Внизу, сколько глаз видит, на всей равнине кипит битва. В клубах пыли, сверкая на солнце стальными шлемами, ощетинившись пиками, мчится закованная в латы кавалерия. Реют штандарты над лошадиными мордами. Ряды пехоты в кольчугах и шлемах со щитами в одной руке и короткими мечами в другой отбиваются от наседающих всадников. Рубятся конные и пешие. Хрипят кони, падают из седел проткнутые копьями всадники. Катятся по траве пустые шлемы. Бьются на земле раненые лошади — сраженные воины валятся на убитых, ибо вся земля усеяна трупами. И орлы-стервятники парят над полем битвы, ожидая, когда все утихнет и можно будет приступить к пиршеству.

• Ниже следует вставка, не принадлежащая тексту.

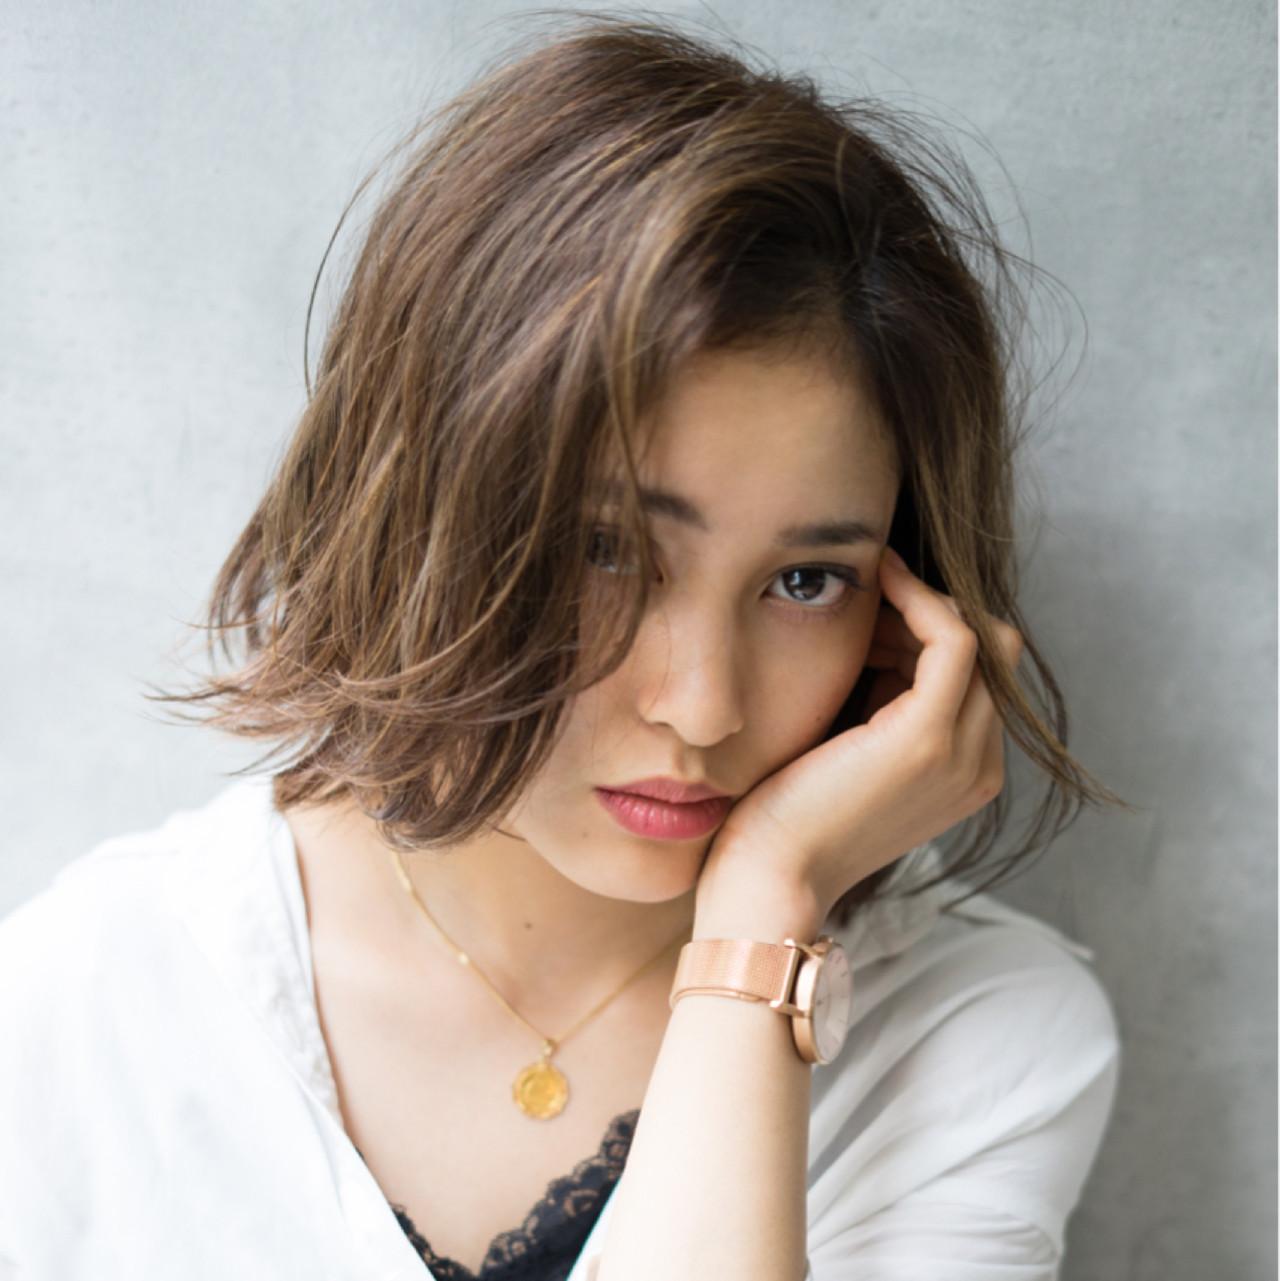 前髪なしミディアムボブでクールビューティーを演出♡ 山田涼一

А мечи все звенят. Сверкают на солнце щиты. Ржут кони. Валятся всадники наземь, под копыта.

У королевского шатра, на виду у короля, в рыцарском облачении восседающего на боевом коне и обозревающего поле битвы, два усача-улана обряжают в железные доспехи Янкеля. Через голову, как жилет, натягивают выпуклый панцирь, прикрепляют железные нарукавники и наколенники, нахлобучивают на голову, как ведро, глубокий сверкающий шлем с крохотным вырезом на лице, откуда виднеются лишь еврейский нос Янкеля и удивленно заломленные брови. Янкель морщится: железо ему жмет, врезается в тело, но он молча покоряется судьбе.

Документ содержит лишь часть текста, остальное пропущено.